Pretty badly burnt about the face and fingers, Hans von Quedlinburg
crawled backward out of the fire, smelling like the devil, of singed
wool. Kagig closed on him, and hurled him back again. This time
the German plunged through the fire, and out beyond it to a space
between the flames and the back wall, where it must have been hot
enough to make the fat run. He stood with a forearm covering his
face, while Kagig thundered at him voluminous abuse in Turkish.
I wondered, first, why the German did not shoot, and then why his
loaded pistol did not blow up in the heat, until I saw that in further
proof of strength Kagig had looted his pistol and was standing with
one foot on it.

Finally, when the beautiful smooth cloth of which his coat was made
bad taken on a stinking overlay of crackled black, the German chose
to obey Kagig and came leaping back through the fire, and lay groaning
on the floor, where the kahveh's owner's seven sons poured water
on him by Kagig's order.
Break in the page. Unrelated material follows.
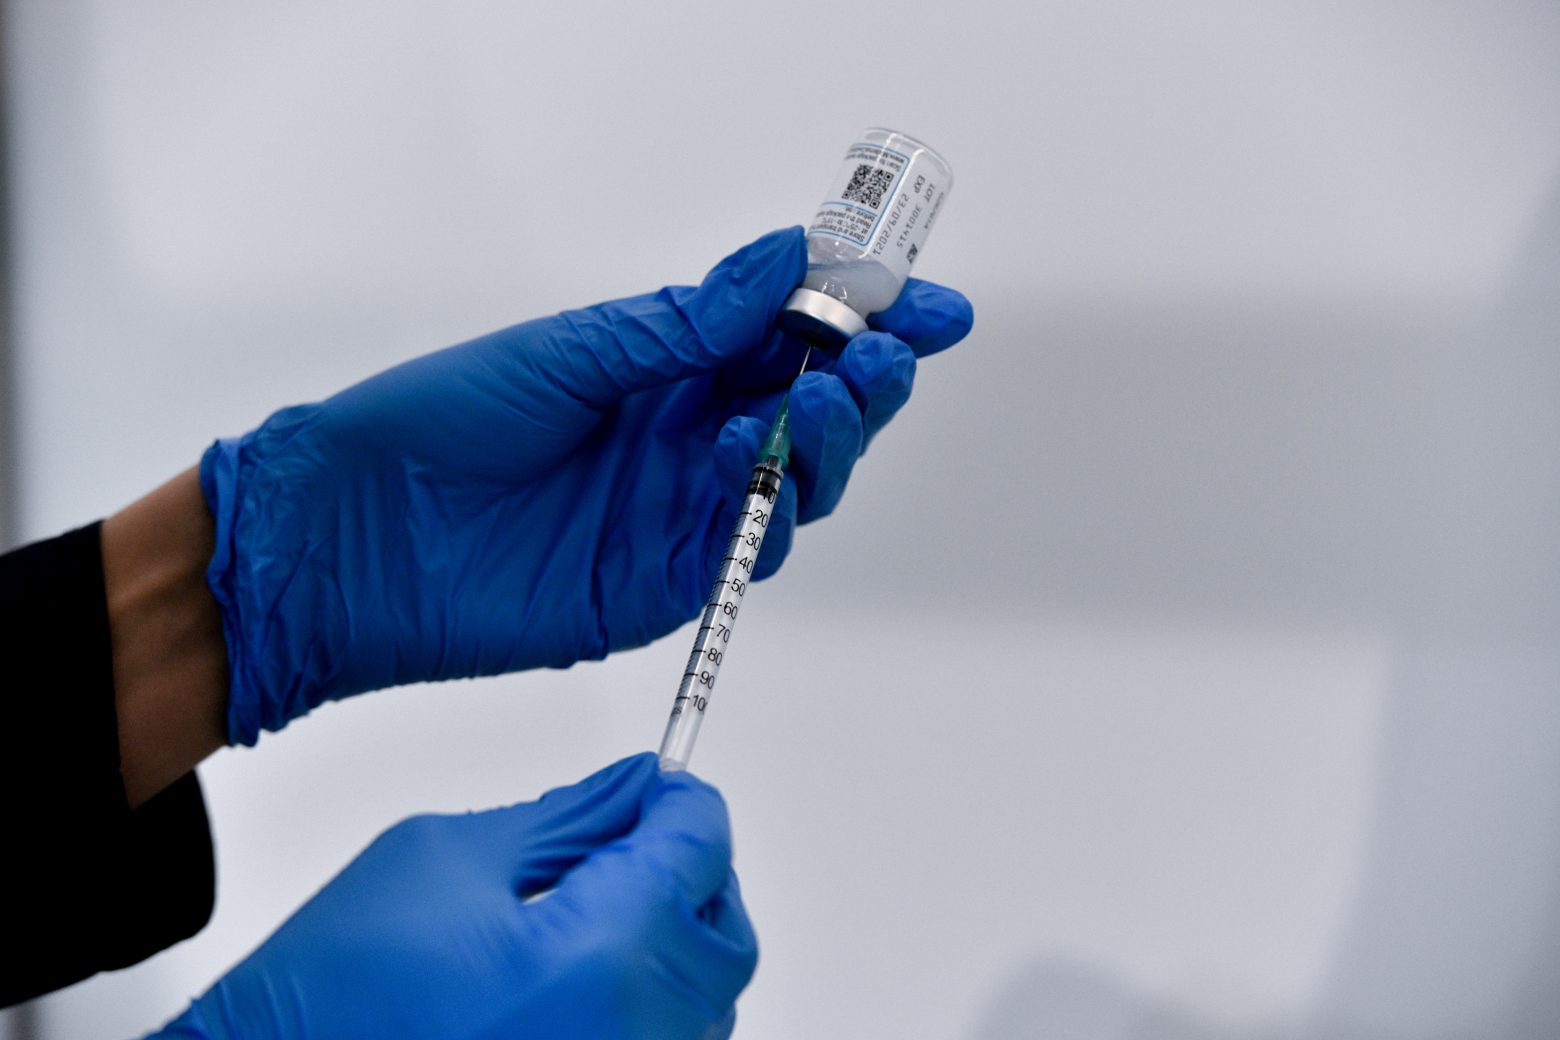 Θεμιστοκλέους : Πόσα εμβόλια αναμένονται από κάθε εταιρεία - Το ποσοστό ακυρώσεων για εμβολιασμό με AstraZeneca

His burns were evidently painful, but not
nearly so serious as I expected. I got out the first-aid stuff from
our medicine bag, and Will, who was our self-constituted doctor on
the strength of having once attended an autopsy, disguised as a reporter,
in the morgue at the back of Bellevue Hospital in New York City,
beckoned a gipsy woman, and proceeded to instruct her what to do.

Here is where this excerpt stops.